Training of supermodels in the context of weather and climate forecasting

Schevenhoven, Francine (2021-02-08). Training of supermodels in the context of weather and climate forecasting (PhD thesis, University of Bergen, Bergen, Norway). .

Summary: Given a set of imperfect weather or climate models, predictions can be improved by combining the models dynamically into a so called `supermodel’. The models are optimally combined to compensate their individual errors. This is different from the standard multi-model ensemble approach (MME), where the model output is statistically combined after the simulations. Instead, the supermodel can create a trajectory closer to observations than any of the imperfect models.
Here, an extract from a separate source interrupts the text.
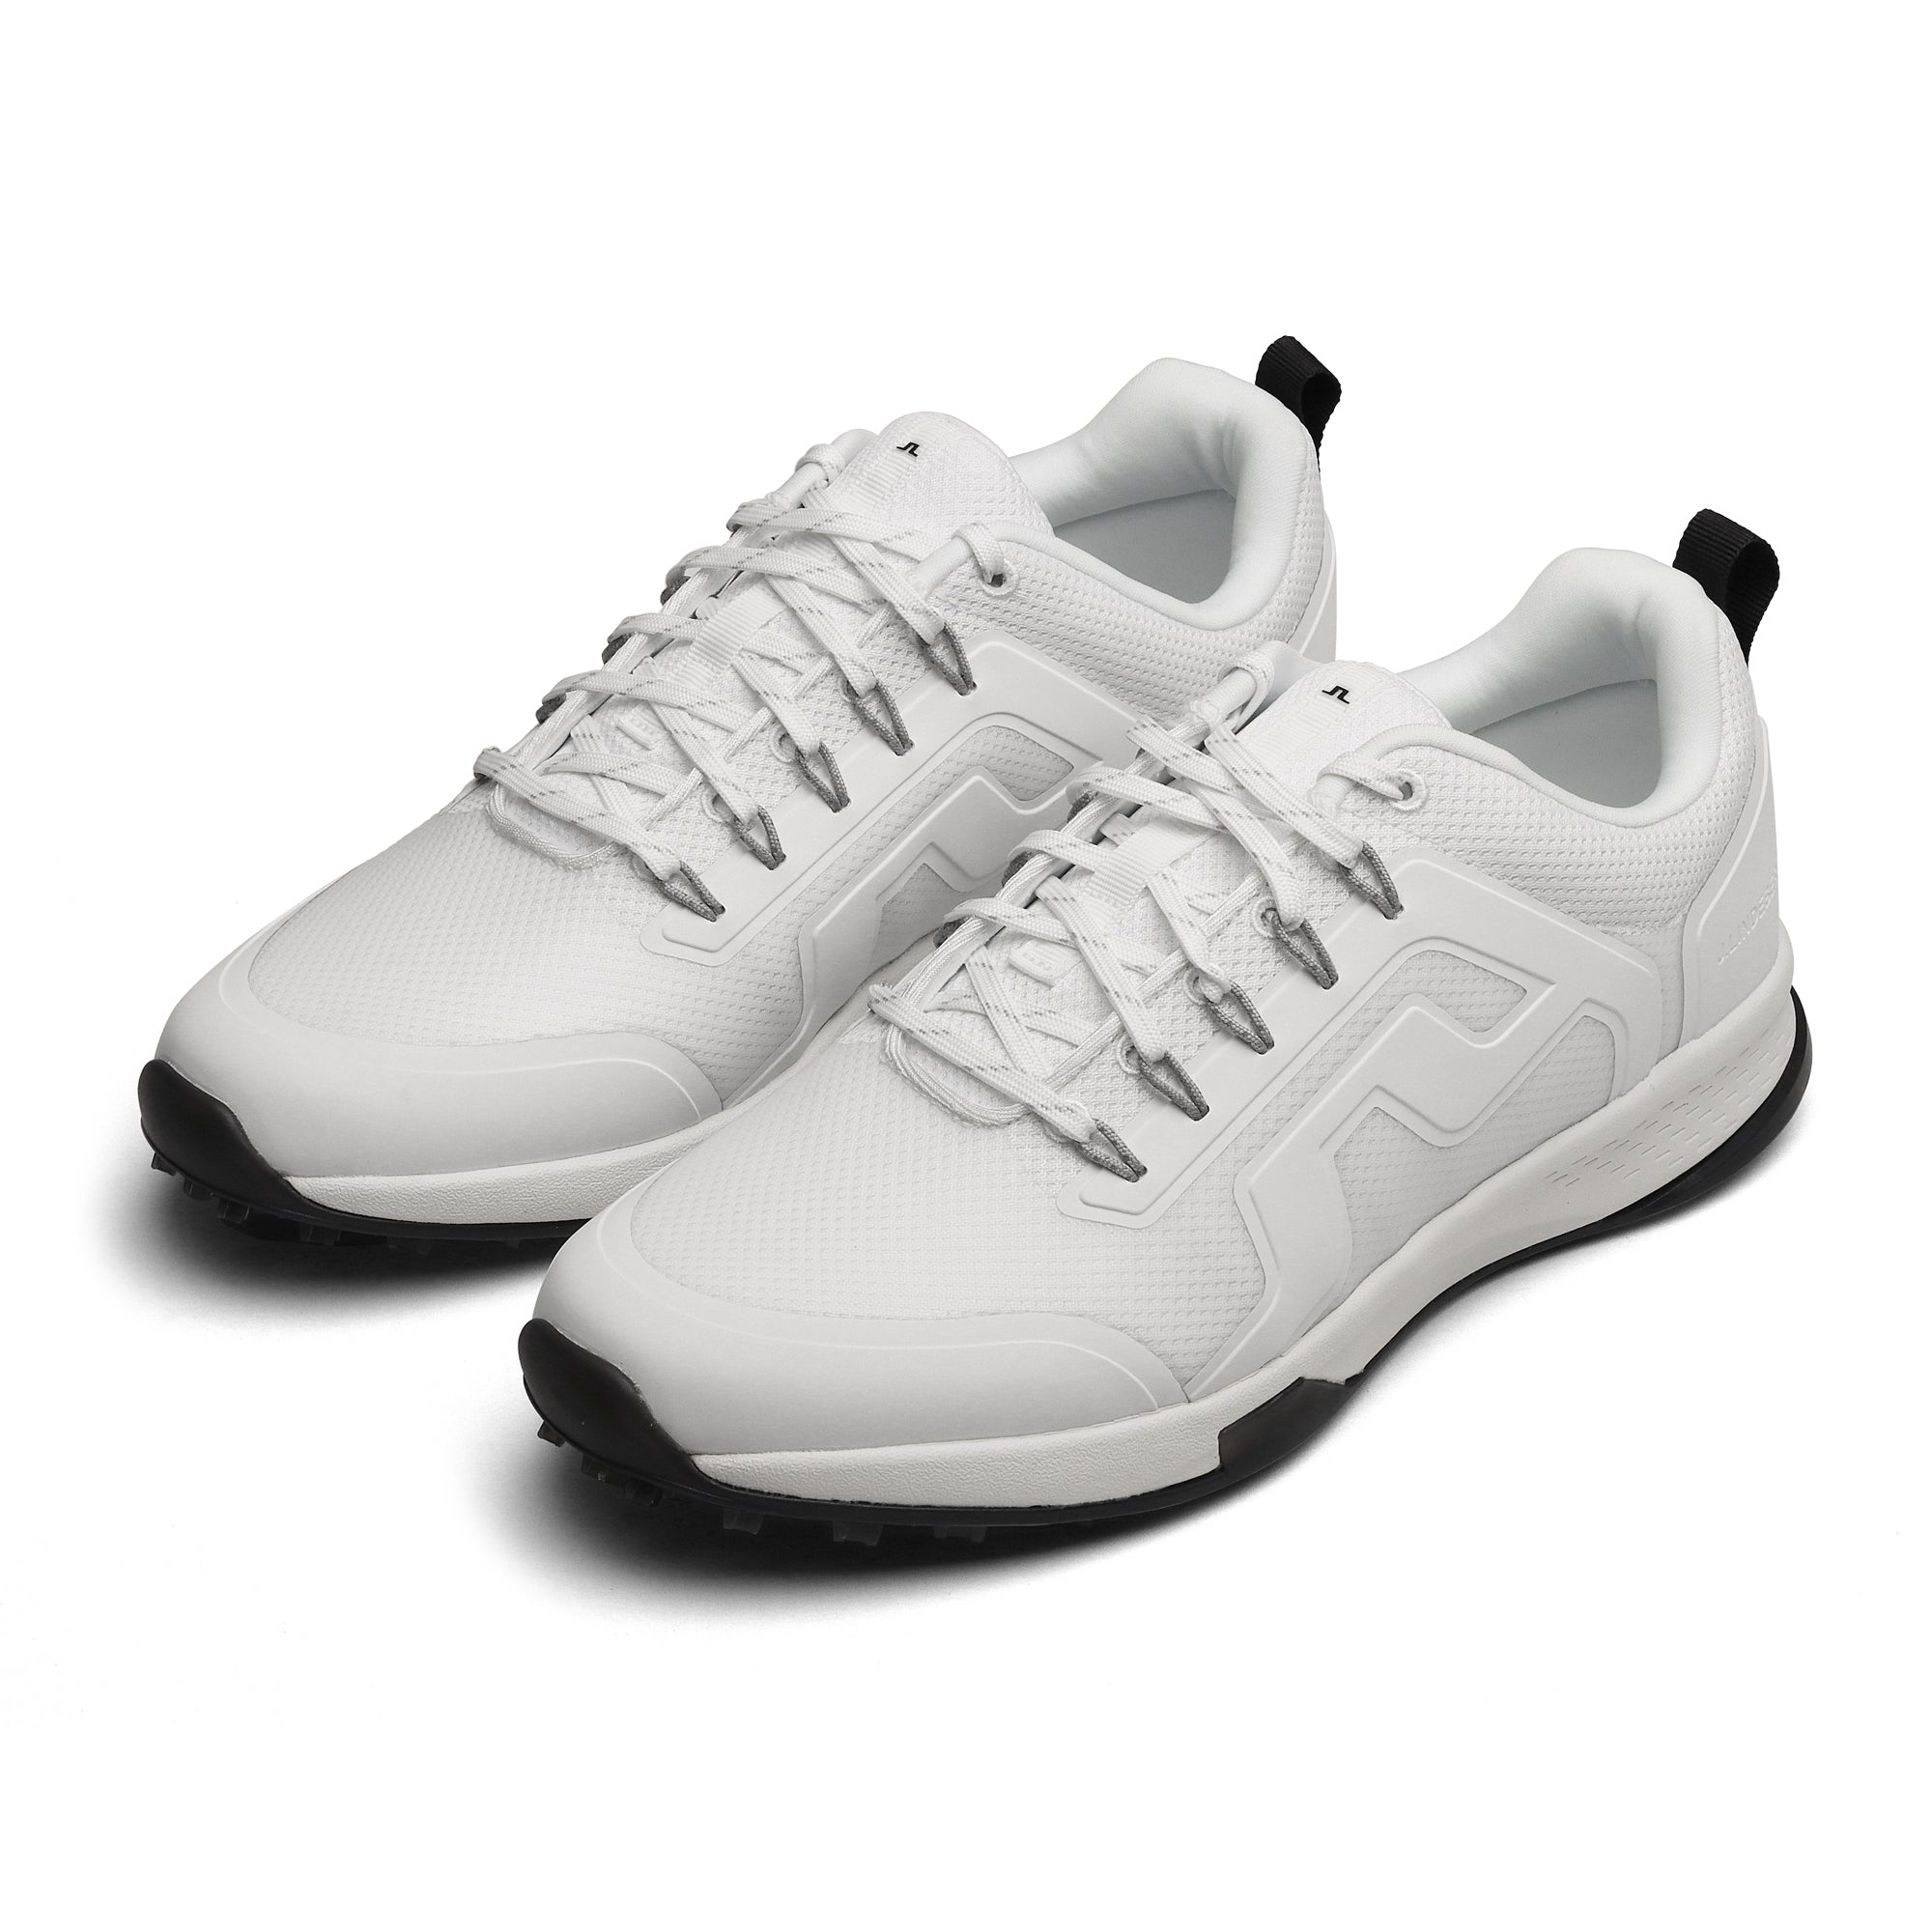 J.Lindeberg Range Finder Golf Shoes White 2

By intervening during the forecast, errors can be reduced at an early stage and the ensemble can exhibit different dynamical behavior than any of the individual models. In this way, common errors between the models can be removed and new, physically correct behavior can appear.
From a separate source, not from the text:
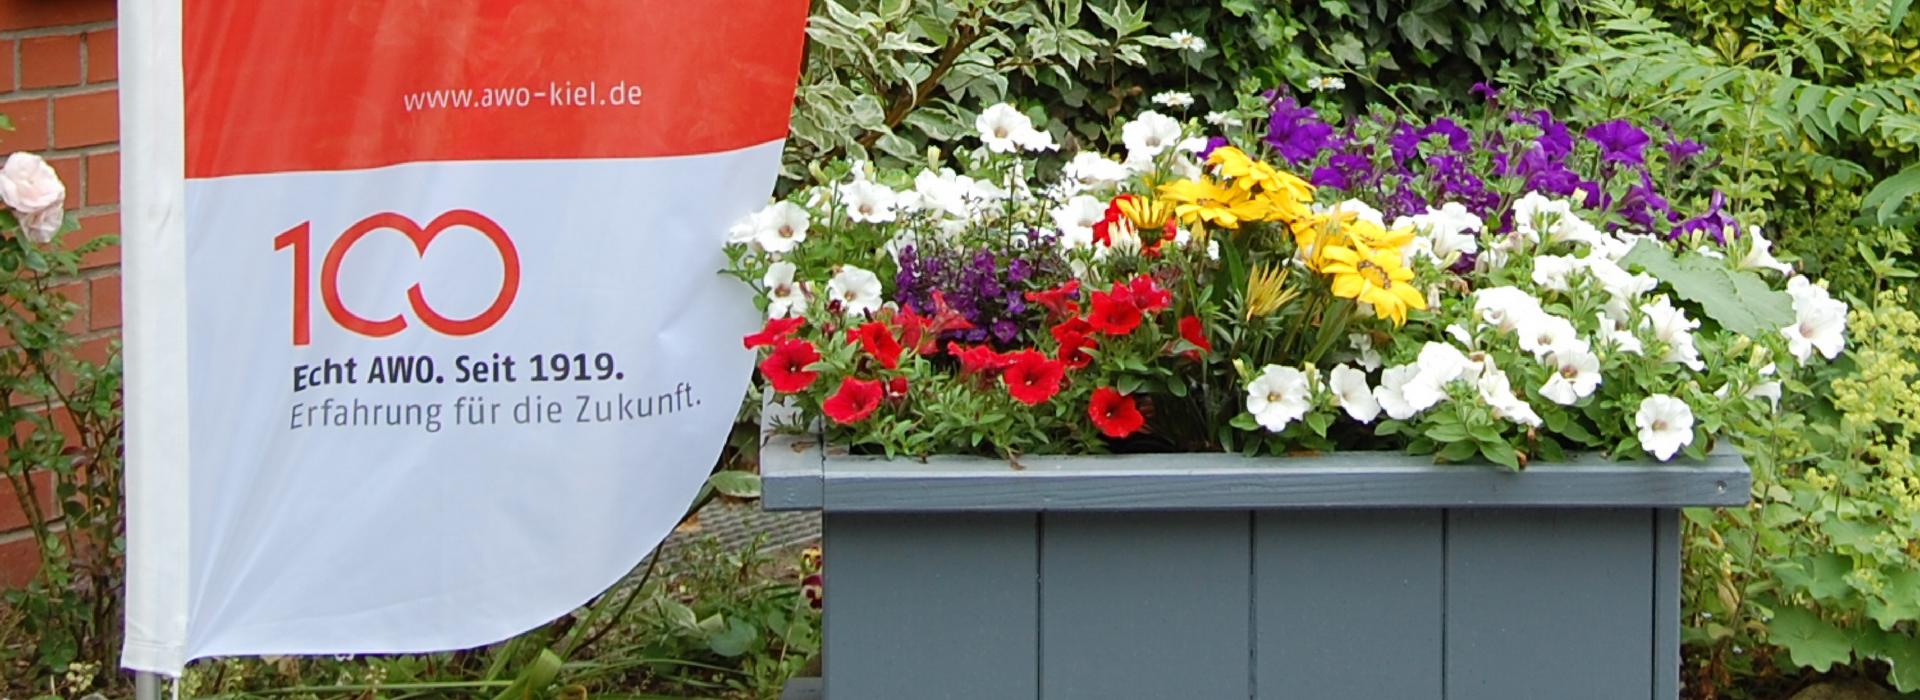 AWO Kiel: Das Bild zeigt eine AWO-Fahne mit Blumen.

In our simplified context of models sharing the same evolution function and phase space, we can define either a connected or a weighted supermodel. A connected supermodel uses nudging to bring the models closer together, while in a weighted supermodel all model states are replaced at regular time intervals (i.e., restarted) by the weighted average of the individual model states. To obtain optimal connection coefficients or weights, we need to train the supermodel on the basis of historical observations. A standard training approach such as minimization of a cost function requires many model simulations, which is computationally very expensive. This thesis has focused on developing two new methods to efficiently train supermodels. The first method is based on an idea called cross pollination in time, where models exchange states during the training. The second method is a synchronization-based learning rule, originally developed for parameter estimation.
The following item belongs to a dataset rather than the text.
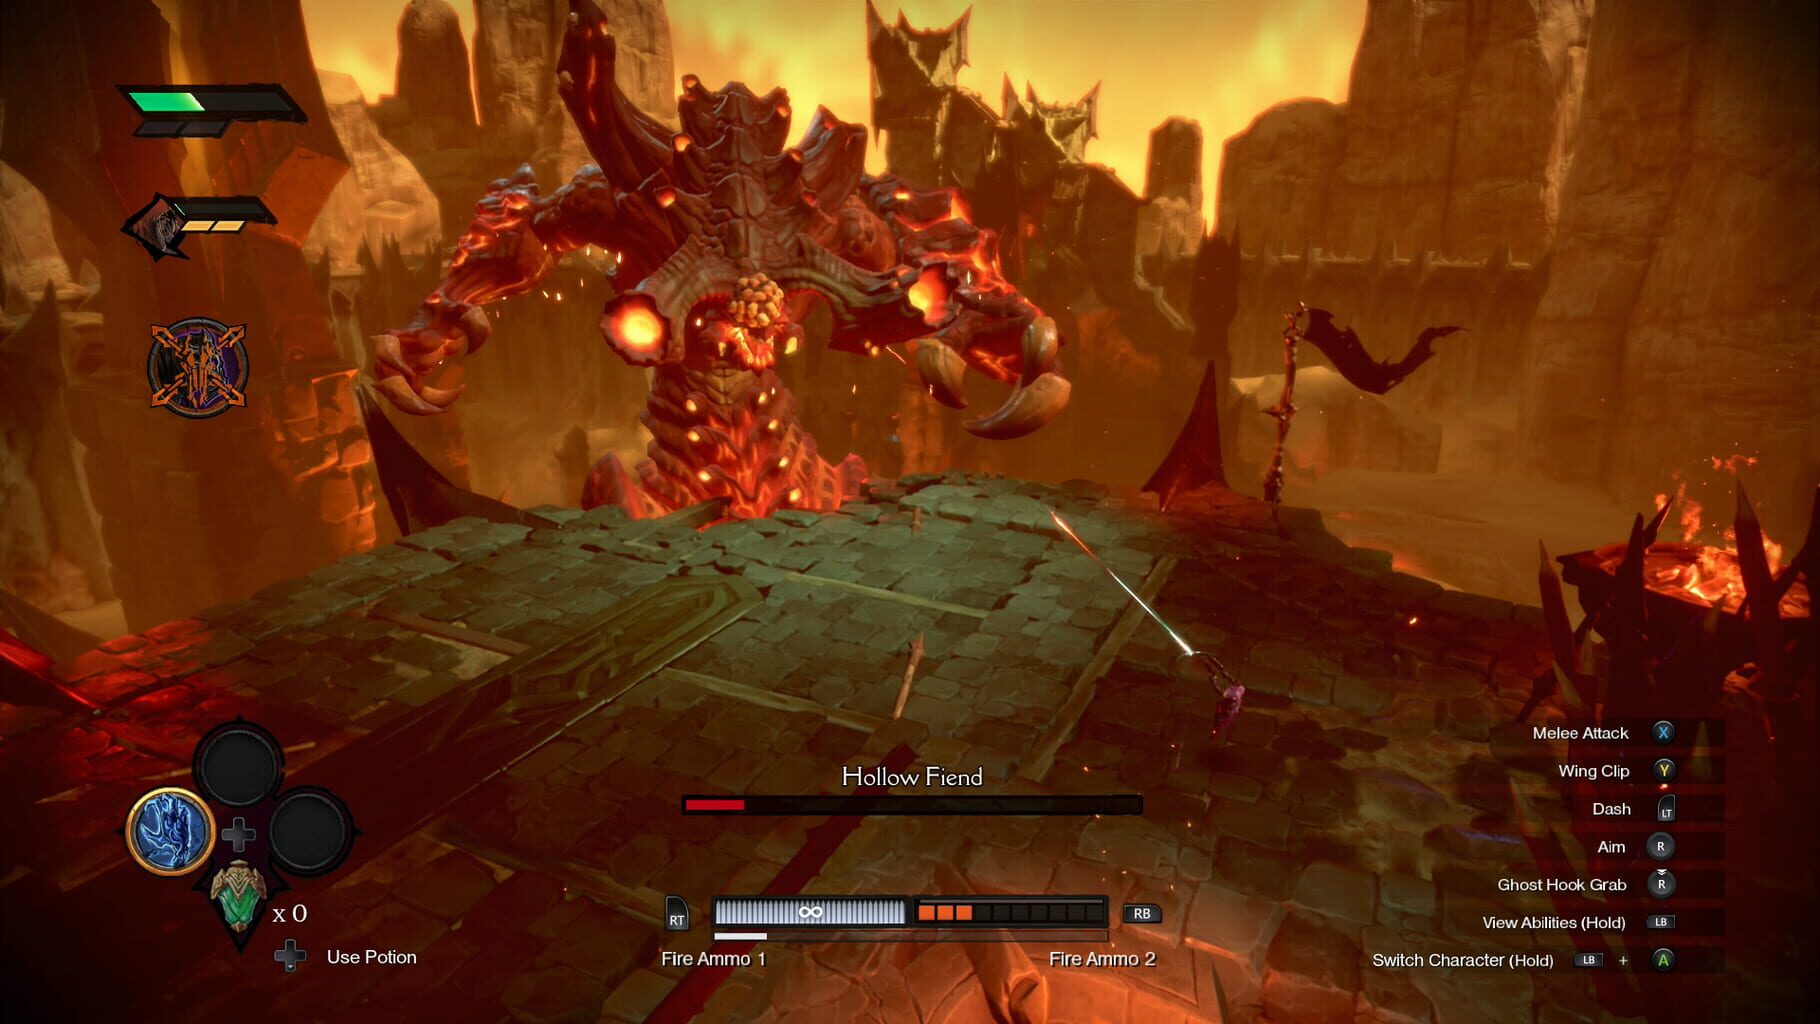 Darksiders Genesis screenshot

The techniques are developed on low-order systems, such as Lorenz63, and later applied to different versions of the intermediate-complexity global coupled atmosphere-ocean-land model SPEEDO. Here the observations are from the same models, but with different parameters. The applicability of the method to real observations is tested using sensitivity to noisy and incomplete data. The characteristics the individual models should have in order to be combined together into a supermodel are identified, as well as which physical variables should be connected in a supermodel, and which ones should not. Both training methods result in supermodels that outperform both the individual models and the MME, for short term predictions as well as long term simulations. Furthermore, we show that the novel use of negative weights can improve predictions in cases where model errors do not cancel (for instance, all models are too warm with respect to the truth). A crucial advantage of the proposed training schemes is that in the present context relatively short training periods suffice to find good solutions. Although the validity of our conclusions in the context of real observations and model scenarios has yet to be proved, our results are very encouraging. In principle, the methods are suitable to train supermodels constructed using state-of-the art weather and climate models.